▶ [Input for this task]:
<<<<

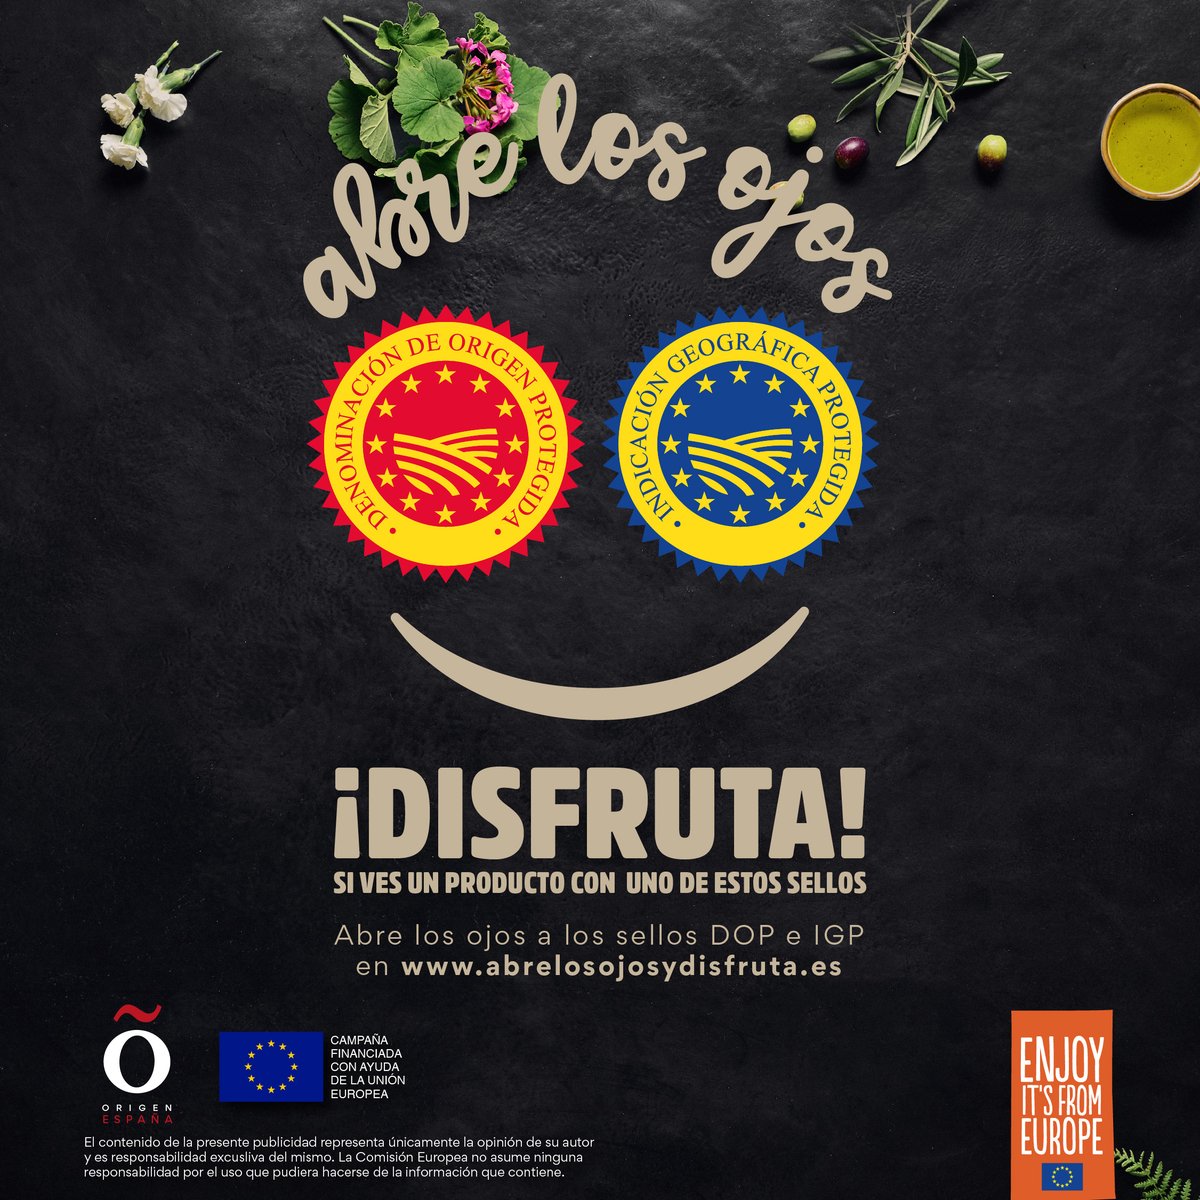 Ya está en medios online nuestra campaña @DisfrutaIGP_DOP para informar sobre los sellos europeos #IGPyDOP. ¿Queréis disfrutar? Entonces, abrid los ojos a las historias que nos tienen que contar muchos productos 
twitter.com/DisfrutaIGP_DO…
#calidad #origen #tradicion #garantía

>>>>
<<<<

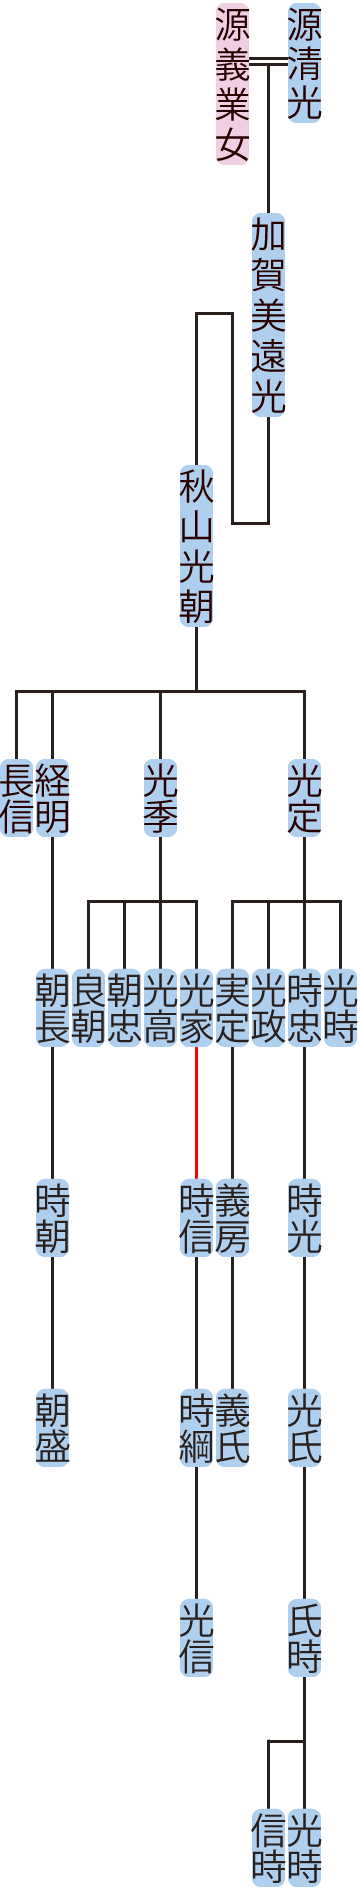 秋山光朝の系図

>>>>

▶ [Problem requirements]: Return, exactly as they stand, the lines above from the one with "Ya está en medios" to the one with "#calidad #origen #tradicion #garantía", omitting any pictures among them.

▶ [Task solution]:
 Ya está en medios online nuestra campaña @DisfrutaIGP_DOP para informar sobre los sellos europeos #IGPyDOP. ¿Queréis disfrutar? Entonces, abrid los ojos a las historias que nos tienen que contar muchos productos 
twitter.com/DisfrutaIGP_DO…
#calidad #origen #tradicion #garantía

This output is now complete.